In this week’s analysis, we again update shipping’s mid-year report, reviewing progress across a range of shipping sector “subjects”. Our overall ClarkSea Index increased 8% y-o-y in the first half, to move marginally above the trend since the financial crisis. However while some “subjects” still achieve an “A” for effort, others might have to “repeat a year” unless they sit additional classes over the summer!
The Segments Despite progress, it still seems shipping has a way to go before it becomes a “straight A” student! The tanker market is certainly in a much better position than a year ago (earnings up 80% y-o-y in 1H), but seasonality, a relatively short winter spike, heavy newbuild deliveries and refinery maintenance mean first half earnings slightly below the ten year trend. The bulker market has had a tough first half after some demand “shocks” (21% down on trend and -22% y-o-y) although recent improvements are welcome. Across the containership market, rates are just above trend, with some encouraging gains in larger vessel sizes (9,000 teu: $36,000/day). LPG has moved upwards (6% below trend versus 65% below last year) and finished the first half strongly (~$70,000/day, with some encouraging trends in US and Australian exports). RoRo rates remain well above trend, while the Cruise orderbook is still a record (~$50bn). Offshore (North Sea PSV) is now 10% below trend: we were -35% in mid 2018, so some progress.

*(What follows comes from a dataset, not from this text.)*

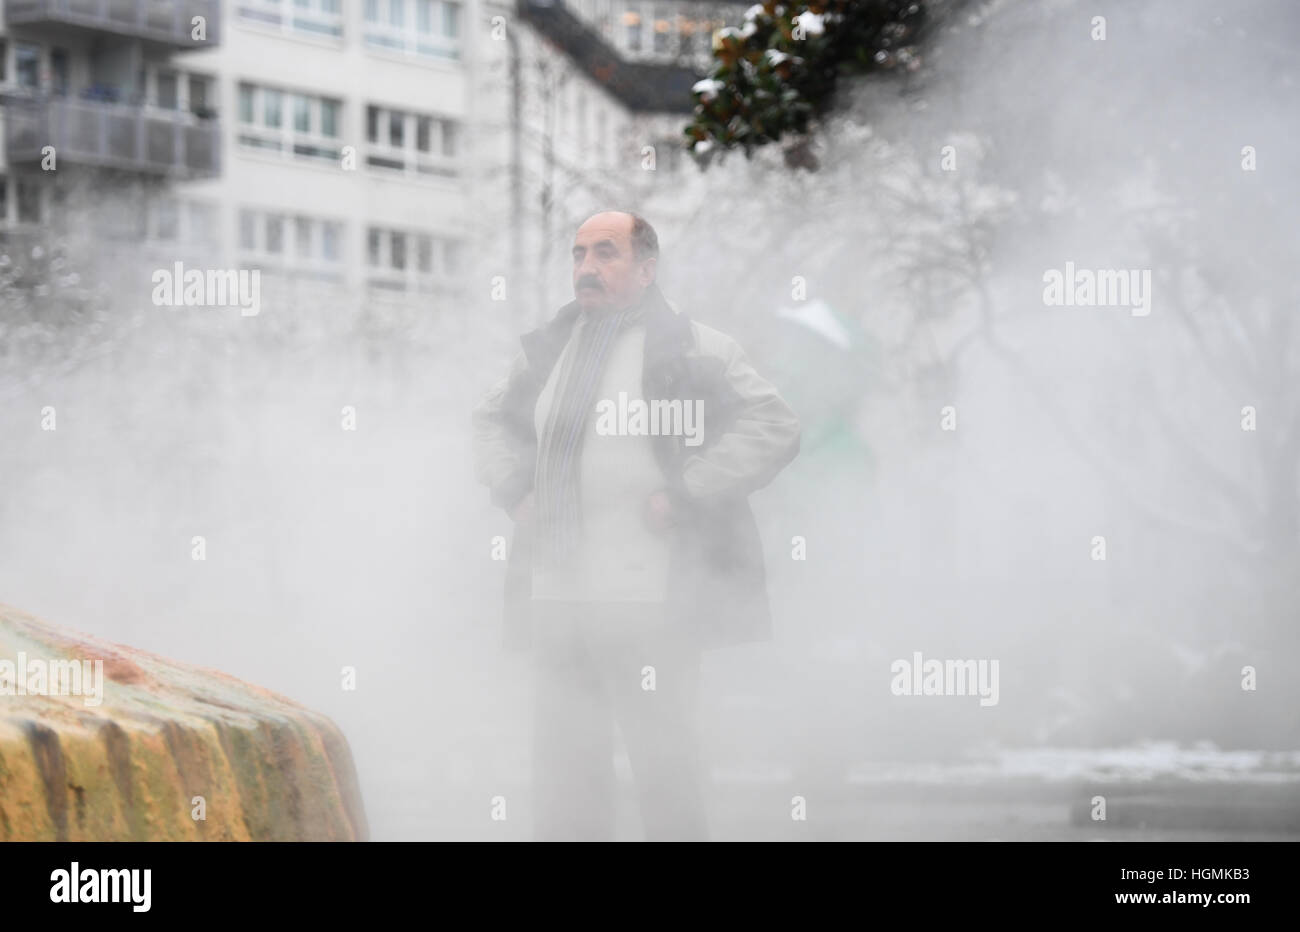 Wiesbaden, Germany. 11th Jan, 2017. Musa Adan from Wiesbaden is clouded in steam and fog at the 'Kochbrunnen' (lit. 'boil fountain') in Wiesbaden, Germany, 11 January 2017. The shell shaped fountain is a frequented site for people attuned to their health. The hot spring spews out thermal water at 68, 75 degrees, which is considered to hold beneficial effects for human health. Photo: Arne Dedert/dpa/Alamy Live News Stock Photo

Supply Still “A” For Effort
Fleet supply maintains its “A” for effort. Growth of 1.9% in the first half is below trend and seems “manageable” despite a moderate uptick in shipbuilding output (up 9% y-o-y to 51m dwt) and declines in recycling (down 45% y-o-y to 10.8m dwt). The orderbook sits at just 10% of the fleet and our fleet growth projection for full year 2020 of 1.9% in dwt would be the lowest rate of growth for over 20 years. Newbuild ordering remained 49% below trend (down 54% y-o-y to ~25m dwt) and S&P volumes also moved just below trend (down 22% y-o-y to 34m dwt).

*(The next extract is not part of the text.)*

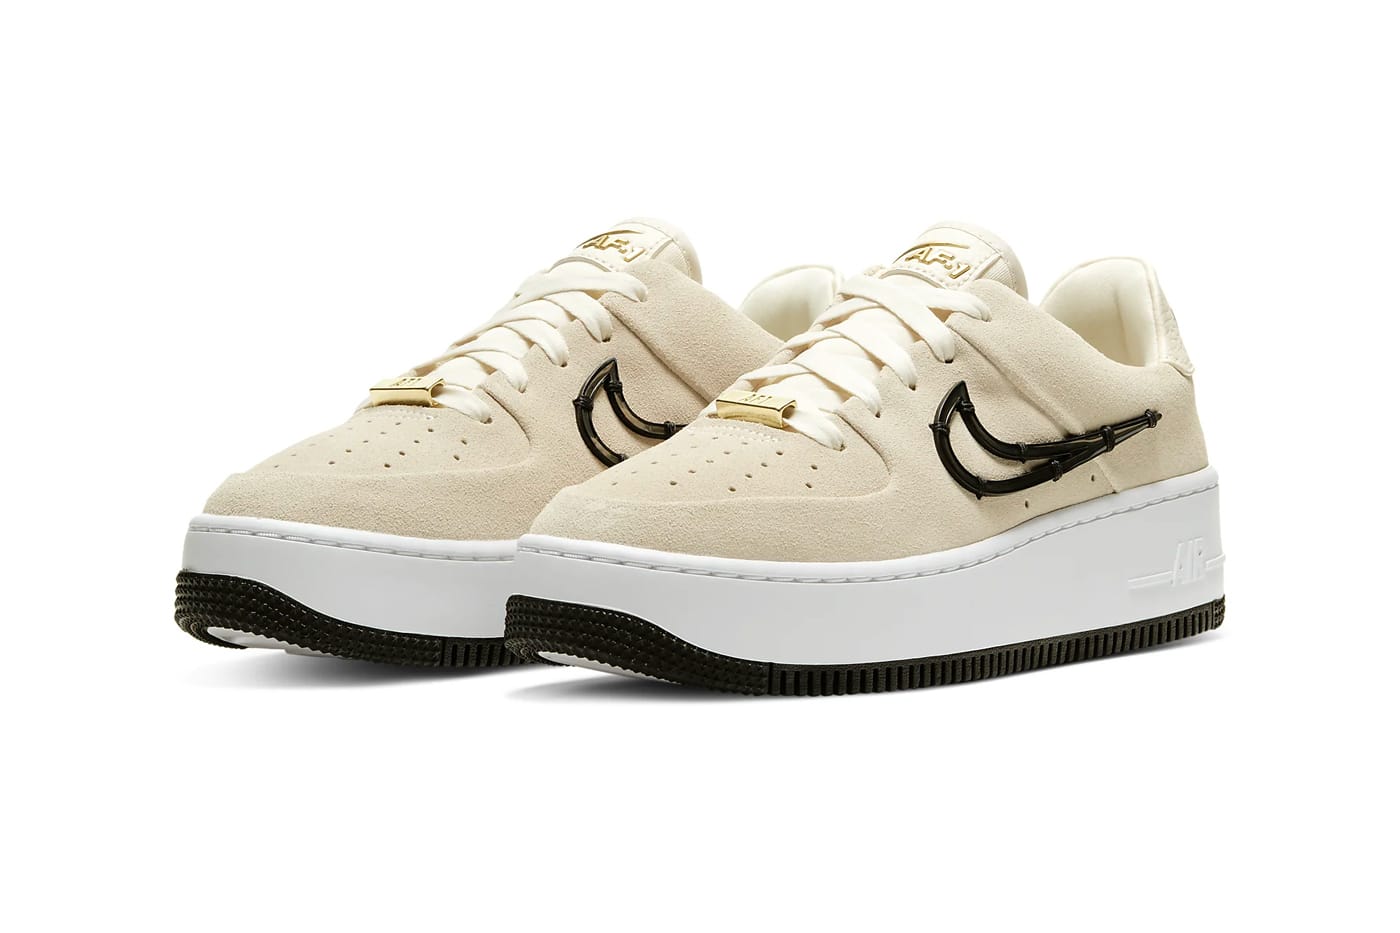 nike wmns air force 1 sage low

Our estimate for 2019 trade growth now sits at 2.2% (tonne-mile: 2.5%), downgraded from our initial projection of 3.2%. There are a range of issues involved, from the “trade war” (see briefings series on Shipping Intelligence Network (SIN)), to the Vale dam collapse, Australian cyclones, OPEC cuts and the Chinese economy. In isolation many of these issues seem manageable but collectively they impact, particularly broader institutional investor sentiment. While our base case projections suggest trade will be “OK” for shipping (long-haul US energy exports help), let’s watch for downgrades and hope for progress in US-China trade negotiations.
Extra Classes Paying Off?
Our previous two mid-year reports have recommended “extra classes on regulation and technology”, and with our analysis* suggesting ~1% of the fleet will be off -hire with scrubber retro-fitting in 2019, and that tankers may get a ~3% demand “boost” in 2020 due to changes to the oil trade, the studying would have paid off.